Les travaux du téléphérique ont commencé début juillet à côté de l’Oncopole. Téléo sera le téléphérique urbain le plus long de France, reliant, sur 3 km, 3 stations (Oncopole, CHU Rangueil et l’université Paul-Sabatier) tout en franchissant la Garonne, des coteaux et des infrastructures routières. La phase de terrassement et de gros œuvre a également débuté fin septembre, près de l’université Paul-Sabatier et de l’hôpital de Rangueil.
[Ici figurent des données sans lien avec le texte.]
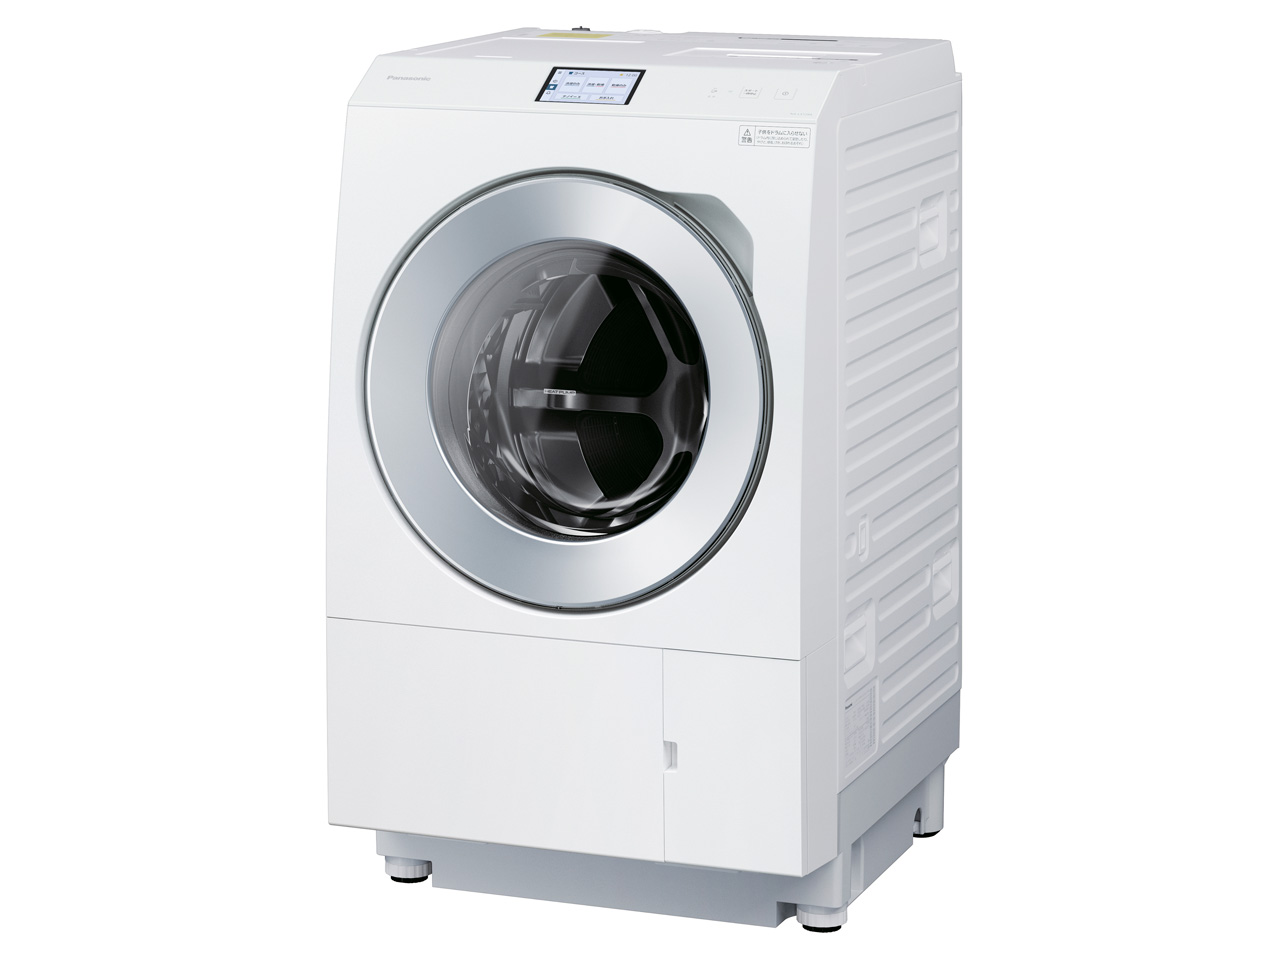 フルモデルチェンジ！！Panasonic 最新ドラム式洗濯乾燥機詳しくご紹介します | 家電のプロ.com

Elle est prévue jusqu’à mi-2020 pour une mise en service fin 2020. Ce téléphérique est construit par l’équipementier français Poma avec la technologie débrayable 3S, qui comporte trois câbles: deux porteurs et un tracteur.

Les 14 cabines pourront transporter jusqu’à 8 000 voyageurs par jour, de 5 h 15 à minuit.

Barbier et manucure

Tisséo a choisi de communiquer sur des enseignes de commerçants implantés dans ses stations. Ainsi, un visuel aux couleurs acidulées annonce le barbier et la manucure qui ouvriront en décembre dans la galerie commerçante de Jean-Jaurès. « Afin de transformer le temps d’attente ou de correspondance en un temps utile, Tisséo propose un service global qui permet aux voyageurs de faciliter leur quotidien, en leur faisant gagner du temps. Ce sont plus d’une vingtaine de commerces et services qui sont ainsi directement accessibles lors des trajets quotidiens effectués sur le réseau », détaille le communiqué. Et de joindre un plan du métro et du tram avec les magasins existant à chaque station.